After my sumptuous porridge, I posted five CDs of photos back to the UK, and power washed the van to soothing music being blasted into the spray booth; I rediscovered the van colour was navy blue. Then, without delay I headed of to the Island in the Sky section of Canyonlands National Park.
Millions of years ago the Colorado and Green Rivers cut winding paths deep into the rock, creating a labyrinth of rocky canyons that form the heart of this stunning wilderness. At its centre, the rivers' confluence divides the park's 527 square miles into three districts: the Needles, the Maze, and the grassy plateau of the Island in the Sky; all vast and very different regions. The areas share a common primitive spirit and wild West atmosphere, each offering its own rewards. Few people were familiar with these remote lands and rivers when the park was established in 1964. Only Indians, cowboys (Butch Cassidy hid out in the Maze canyons in the late 1800s), river explorers (e.g. John Wesley Powell), and uranium prospectors had dared enter this rugged corner of south-eastern Utah.

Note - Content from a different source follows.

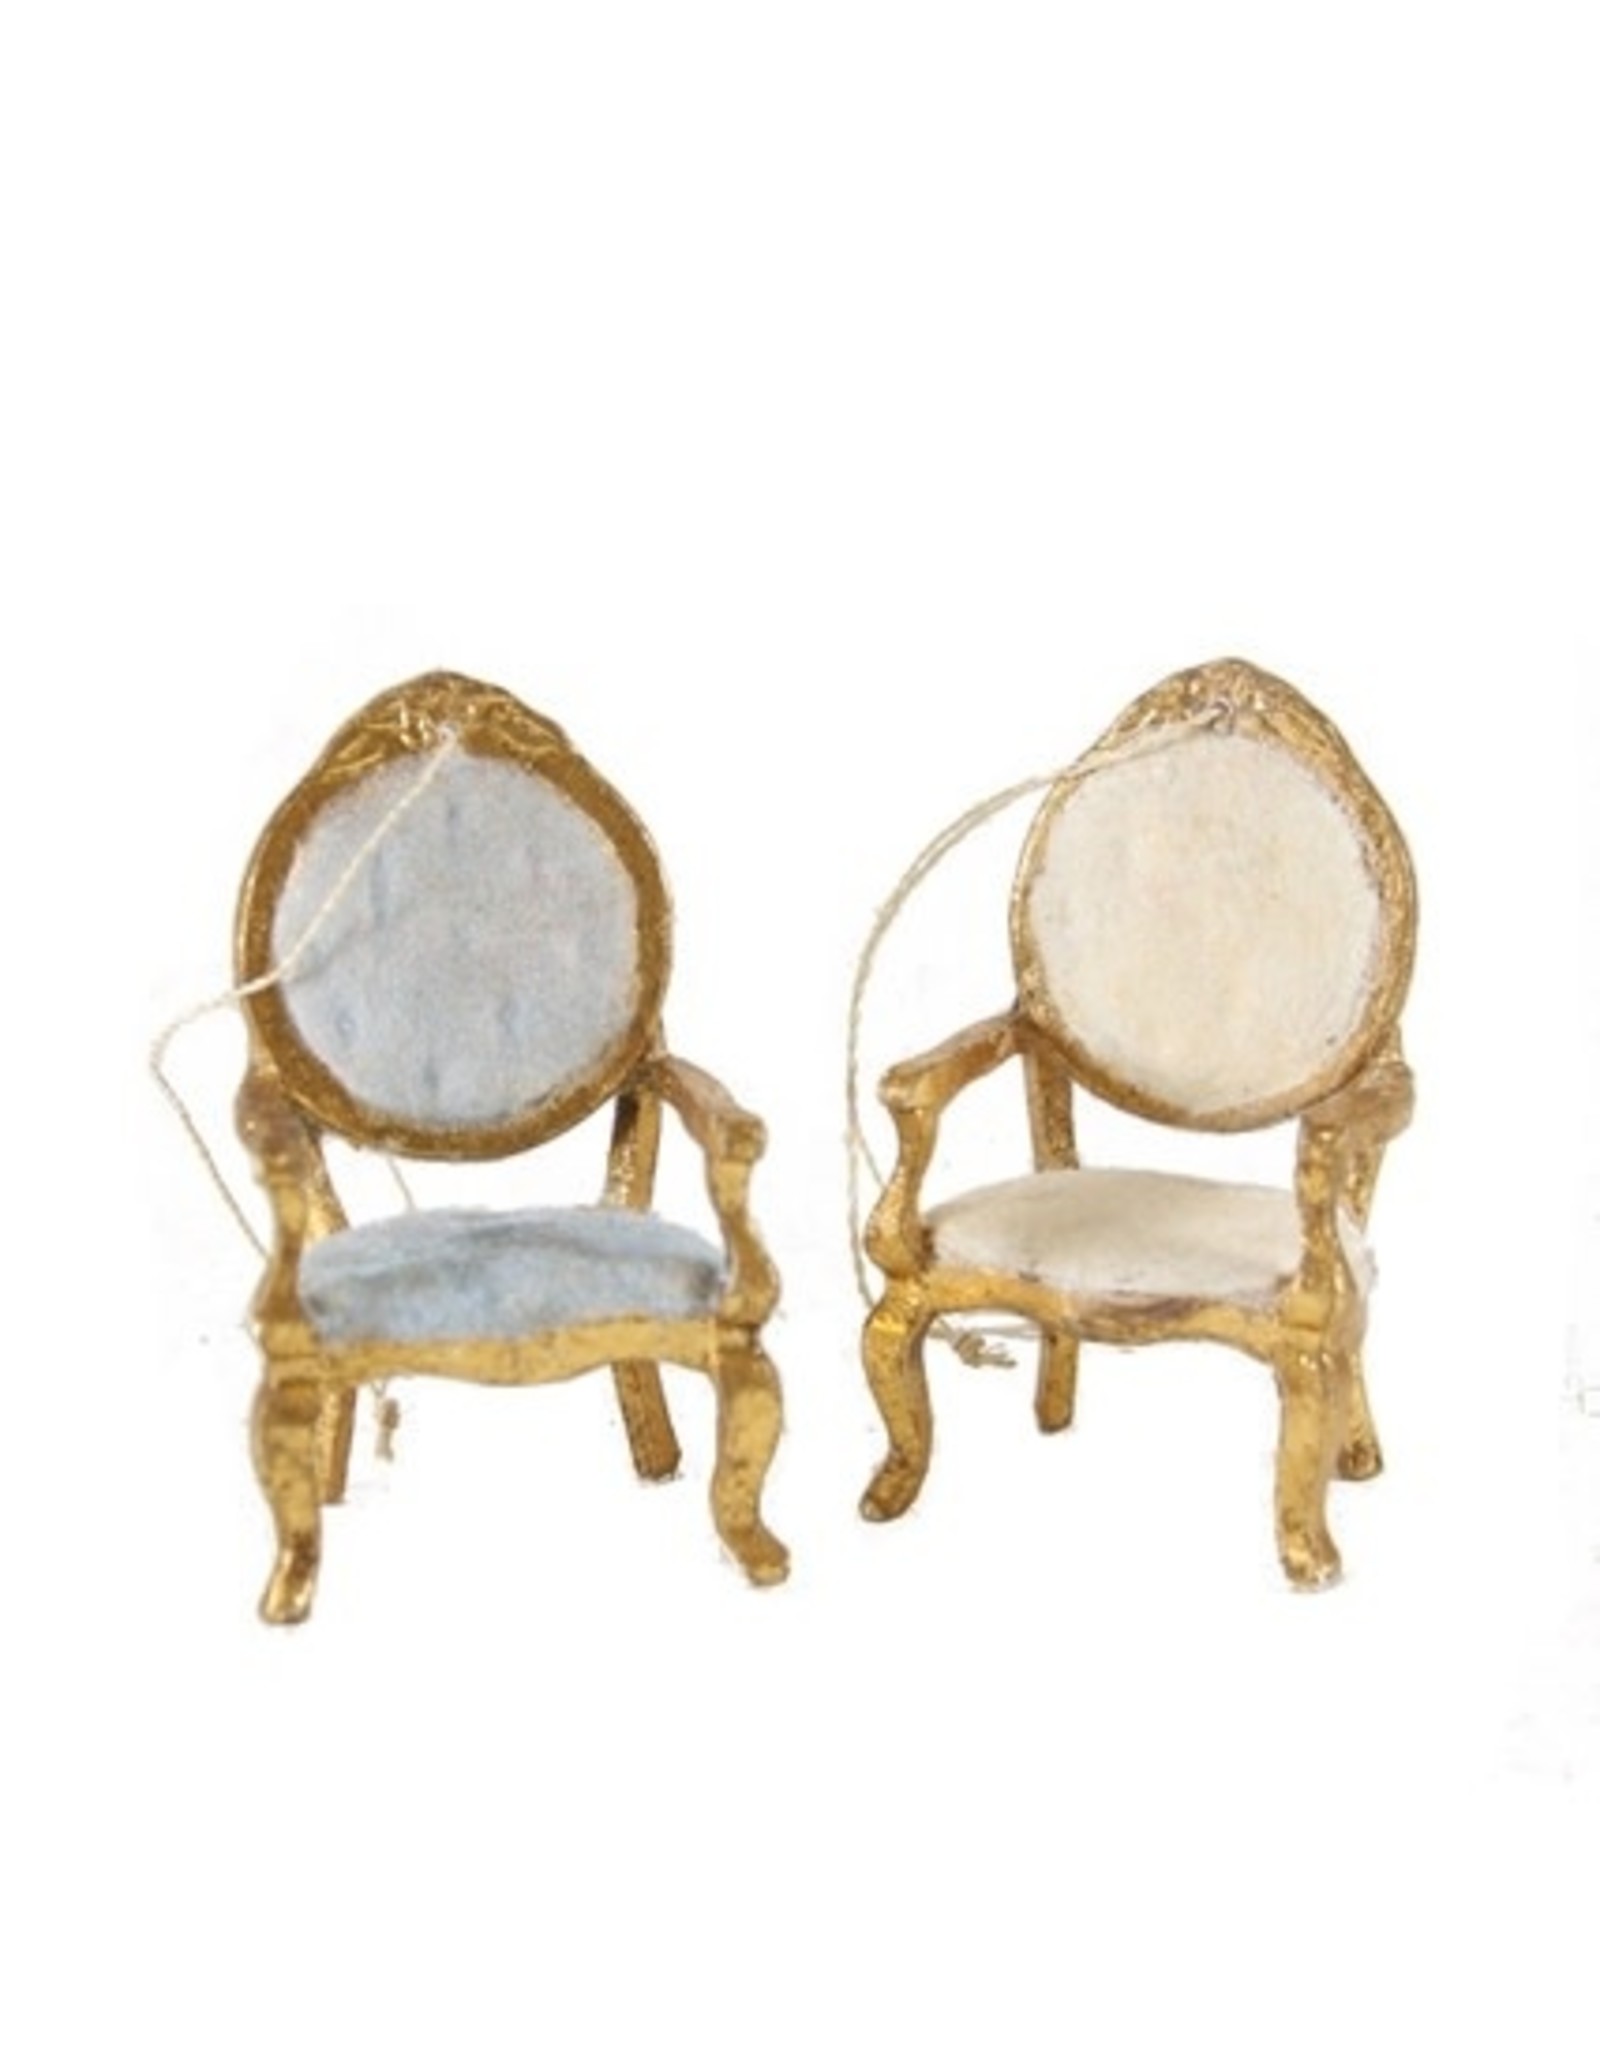 Cody Foster & Co. SIDE CHAIR ORNAMENT - 2 STYLES - WHITE / BLUE

Views from the Island in the Sky reach from the depths of the Green and Colorado Rivers to the mountaintops and above. They stretch across canyon after canyon to the horizon 100 miles distant. Island in the Sky - a broad mesa wedged between the two rivers - serves as Canyonlands' observation tower. From here could be seen vistas of almost incomprehensible dimensions. 1200' below the Island was the White Rim, a nearly continuous sandstone bench of the hard white rock variety. A trail for 4x4s existed along its 100 mile length, and estimates of at least two days were required to complete it. Another 1000' feet below the White Rim were the rivers, shadowed by sheer canyon cliffs.
Shafer Trail |
Traveling further south I came across more stunning viewpoints: Buck Canyon, Orange Cliffs and Grand View Point Overlooks. All looked out over vast tracts of land that at one time must have been level as far as the eye could see. But now, due to the forces of erosion, a 1000' lower plane had been created, in which numerous valleys were carved and two rivers wound there way 1000' lower still. The panorama shots can't do the vistas justice.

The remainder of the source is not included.